There was a declining trend in the early marine survival of hatchery and wild juvenile coho salmon during the study period from 1998 to 2007. The decline of approximately 93% over 10 years (with no adjustment made for freshwater mortality of smolts) was a substantial reduction in the survival of juvenile coho salmon. The decline was similar when estimates were adjusted to reflect 20% freshwater mortality. The rate of decline in September abundance for hatchery fish was also larger than that for wild coho salmon, which suggests that wild coho salmon may currently have a higher marine survival rate than hatchery fish. If the early marine survival of wild coho salmon is indeed higher than that of hatchery fish, then the estimated abundance of wild coho salmon entering the strait may be smaller than we calculated. There is some indication that the escapements of wild coho salmon have not increased in recent years, and there is a possibility of declines in some populations (DFO 2005a). Reduced early marine survival of hatchery coho salmon compared with wild fish is an important possibility as it may indicate that in a stressful environment, hatchery fish will exhibit lower survival than wild fish. More importantly, wild coho salmon may be better adapted to a Strait of Georgia ecosystem that is now quite different from the 1970s ecosystem, which was assumed to be able to produce more coho salmon, thus prompting the establishment of large hatchery programs.

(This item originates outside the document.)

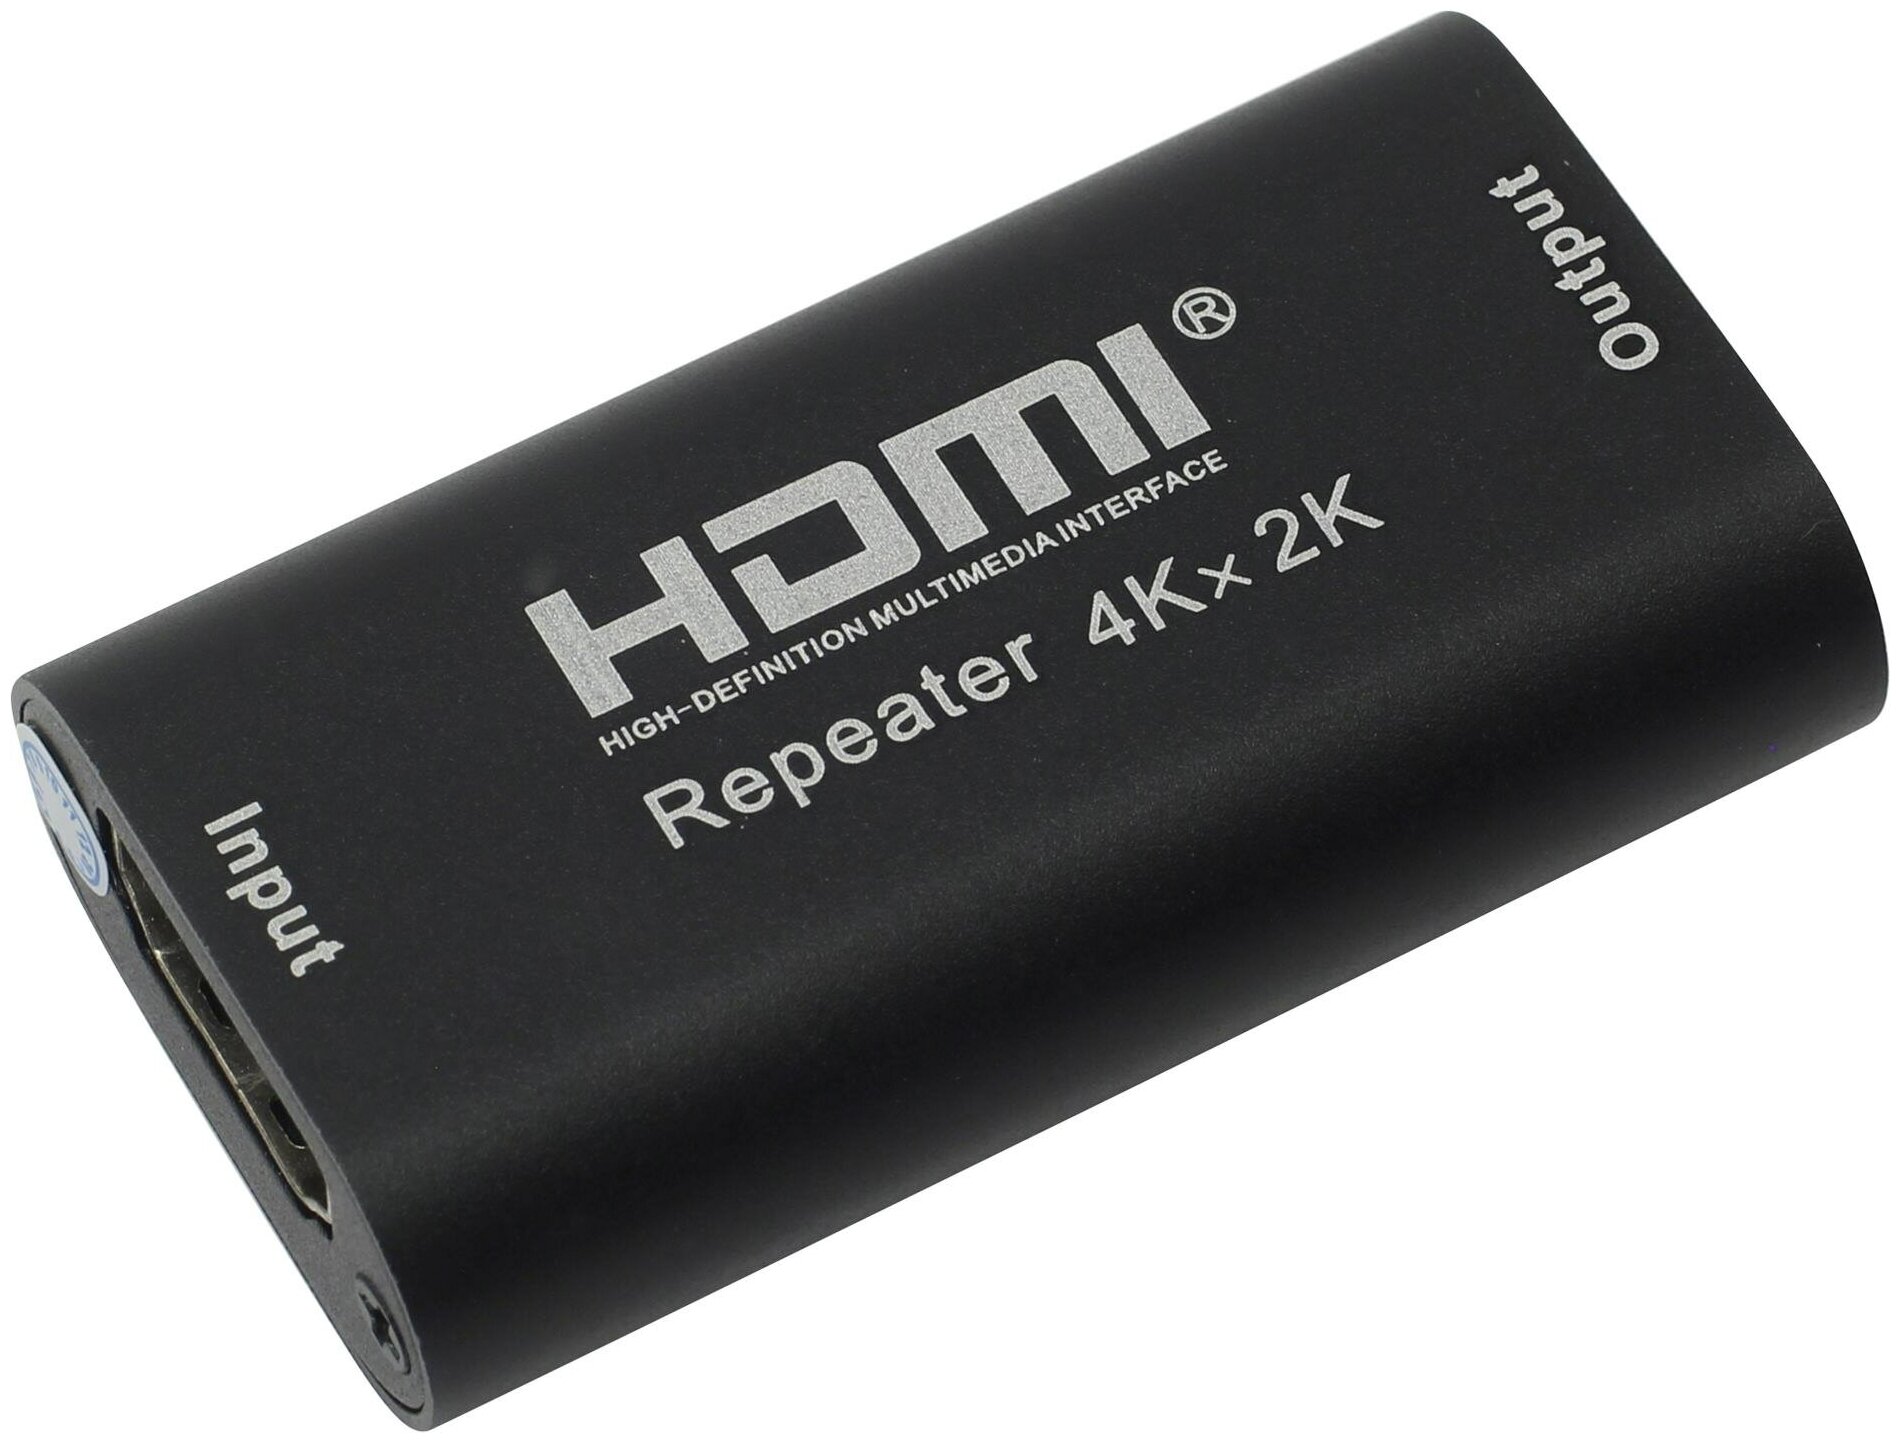 ORIENT VE020, HDMI 1.4 репитер, усилитель сигнала 1920x1080@60Hz до 40м, 4K@30Hz до 20м, HDMI F - HDMI F, не требуется внешнее питание (31032)

Canada's wild salmon policy (DFO 2005b) clearly places a priority on protecting wild salmon, and current hatchery programs and policies also need to be reviewed in that context. The relatively stable levels and timing of hatchery releases make it difficult to evaluate potential interactions between hatchery and wild coho salmon and their environment. Large-scale, multiyear experimental manipulations of release numbers and changes in release timing need to be planned and implemented in order to test for interactions.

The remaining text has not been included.